SEC Suits: The Securities and Exchange Commission brought civil fraud charges against BankAtlantic Bancorp and its chairman and chief executive Alan Levan, saying the company made misleading statements about its troubled real estate loan portfolio and “schemed” to hide losses by not recording assets as held for sale. BankAtlantic flatly denies the charges. “We're not settling, we're not paying, we're not negotiating,” the company’s attorney tells the Journal. (Given BankAtlantic’s history, we wonder if Levan will countersue for defamation.) Meanwhile, Bethany McLean at Reuters compares the SEC’s suits against former top executives at Fannie Mae and Freddie Mac to the agency’s 2010 settlement with Citigroup and its managers, and finds the regulator is being “much harsher” on the former for “what appear to be similar infractions.” The reason may be that the GSEs are “a political punching bag” these days (deservedly so, she’s quick to add), whereas an SEC inspector general’s report suggested that Citi used its “leverage,” including a personal pitch from then-chairman Richard Parsons, to get the agency to soften the penalty for one of its executives and refrain from charging others. McLean also notes a big problem with the SEC’s argument that Fannie and Freddie should have classified more loans as “subprime” and “alternative-A” in their disclosures to investors: “There is no single definition of what constitutes a subprime or Alt-A loan.” This is something we’ve been pointing out for years.

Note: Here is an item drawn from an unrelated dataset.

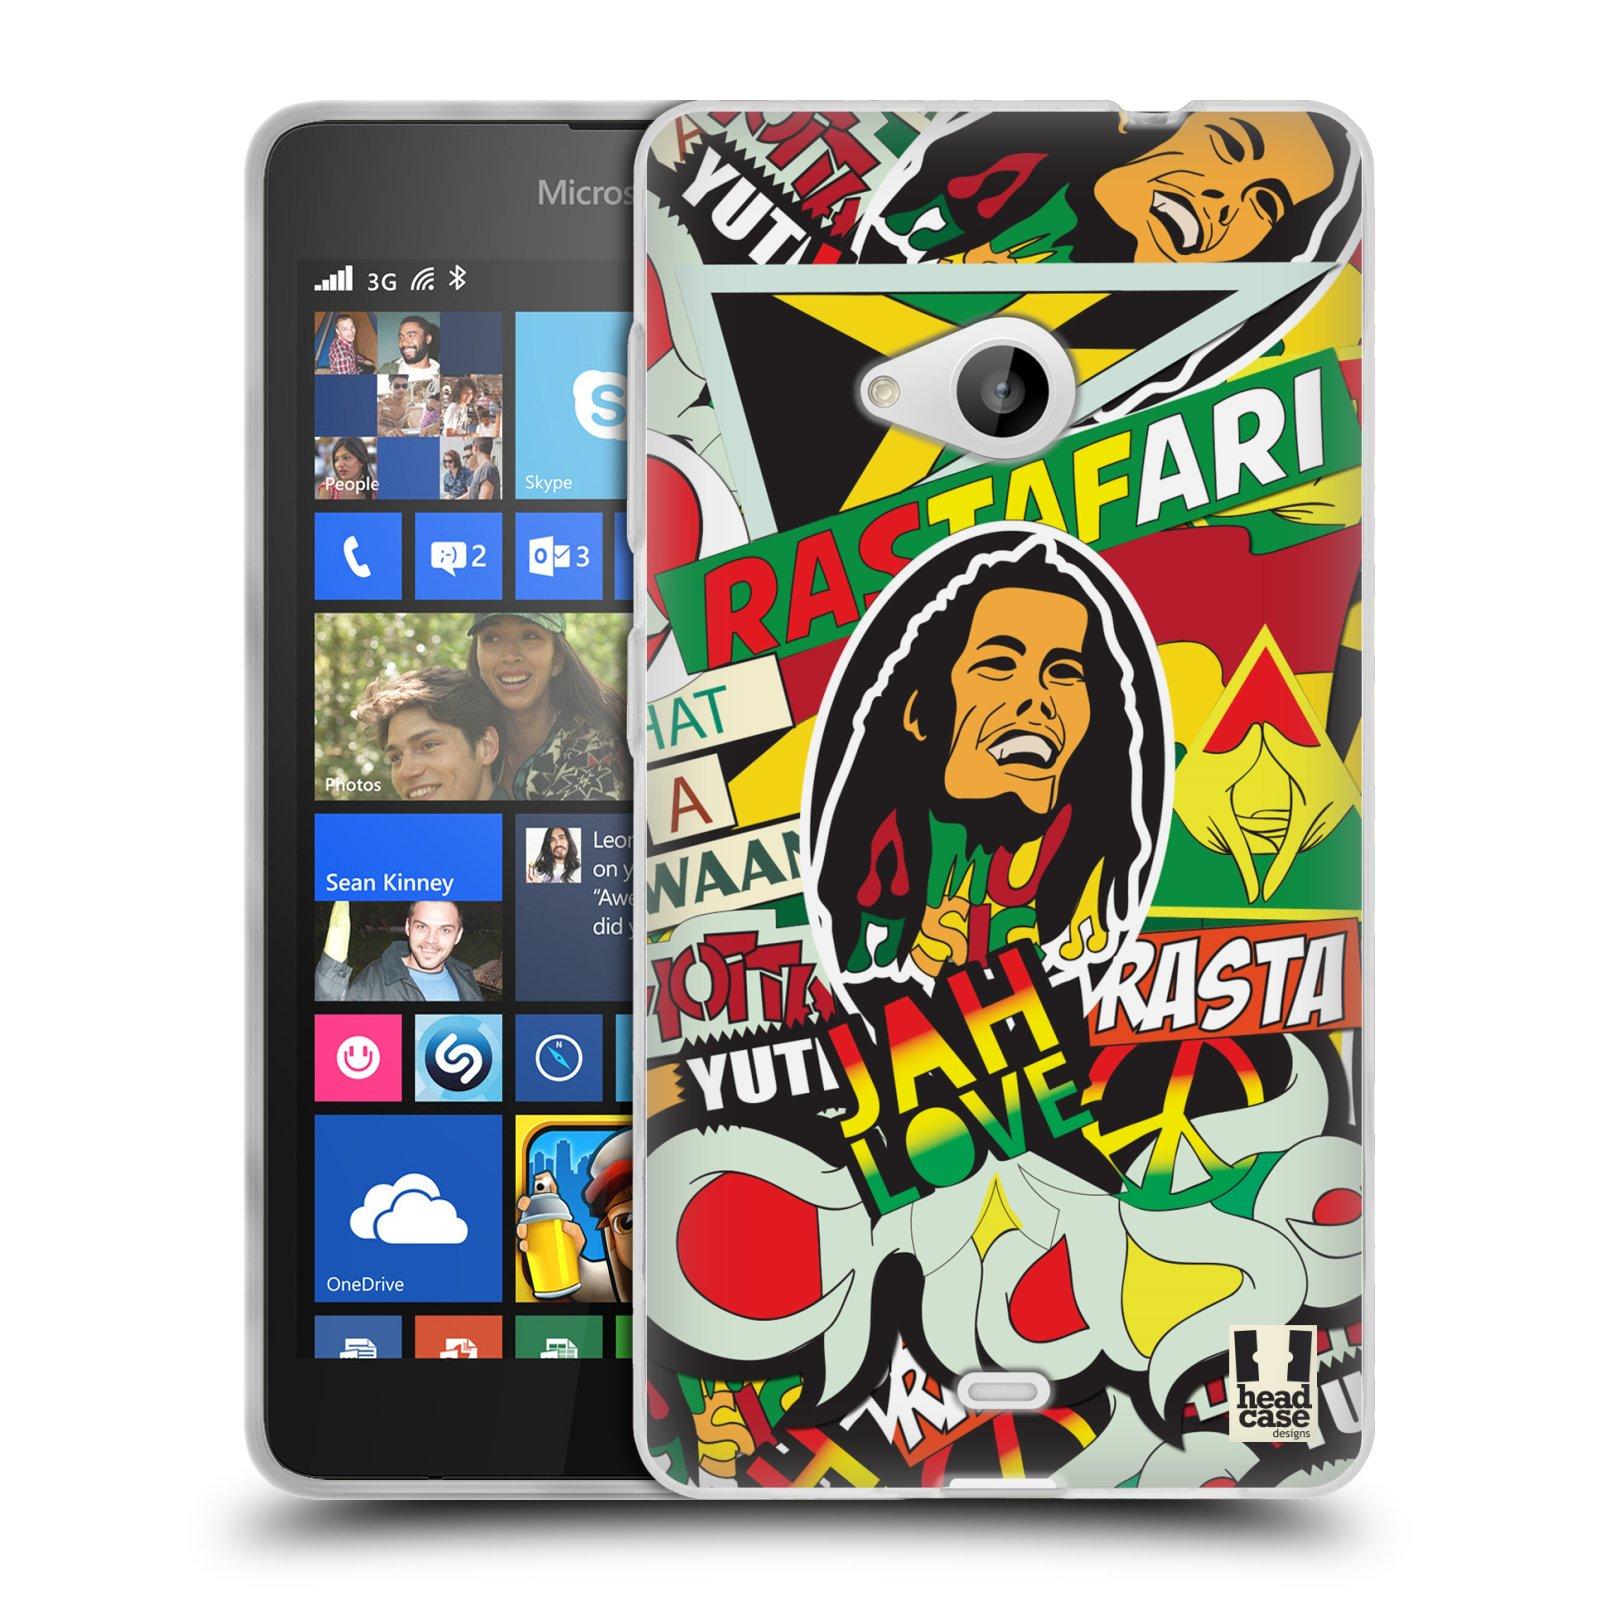 Silikonové pouzdro na mobil Microsoft Lumia 535 HEAD CASE RASTA (Silikonový kryt či obal na mobilní telefon Microsoft Lumia 535)

Vexing Volcker: Cursory scans of the Journal and Times stories on yesterday’s House Financial Services committee hearing of the Volcker rule would give you very different impressions of what regulators said. “Regulators Go to Bat for the ‘Volcker Rule’” is the Journal’s headline in the print edition, yet the Times’s says “Regulators Concerned About How to Apply Volcker Rule.” What’s the deal? Turns out it depends which “regulators” you mean. In the Times article, the OCC’s John Walsh raises the interpretive challenges and warns of damage to U.S. competitiveness; the most prominent quote from an agency head in the Journal piece comes from the SEC’s Mary Schapiro, who assured lawmakers that the rule can be put into practice “in a rational way.” Wall Street Journal, New York Times

Standard & Poor’s: Doug Peterson, the rating agency’s new head, defends its downgrades of U.S. and European government debt in an interview with the Journal. But can this former Citigroup executive hope to match the rhetorical skills of Bernard Henri-Levy? The French philosopher and writer (in that order, says his bio) decries the influence on public policy of S&P’s subjective assessments of national creditworthiness. “I am not mentioning the austerity plans, the massive series of layoffs, the fairly brutal measures that will automatically follow,” he writes. This is surely the first article about credit rating agencies we’ve seen that contains words like “nihilism” and “ubuesque.”

Wall Street Journal

Well, that was fast. BankUnited has given up on its attempts to find a buyer, anonymous sources tell the Journal. The bids that came in were lower than expected, apparently.

HUD Secretary Shaun Donovan claims the long-awaited robo-signing settlement with the mortgage industry’s top servicers is “very close.” He knows better than to give a specific date, as Iowa attorney general Tom “By Christmas” Miller did.

Financial Times

The title of this op-ed almost says it all: “Trust no one with your money is the tragic legacy of the crisis.” Satyajit Das writes that the loss of confidence in governments and banks alike on both sides of the Atlantic is encouraging developments like the creation of community-based alternative paper currencies, the growth of peer-to-peer lending, the rise in the price of gold and vote-with-your-feet protests like Bank Transfer Day. What, no mention of Bitcoin?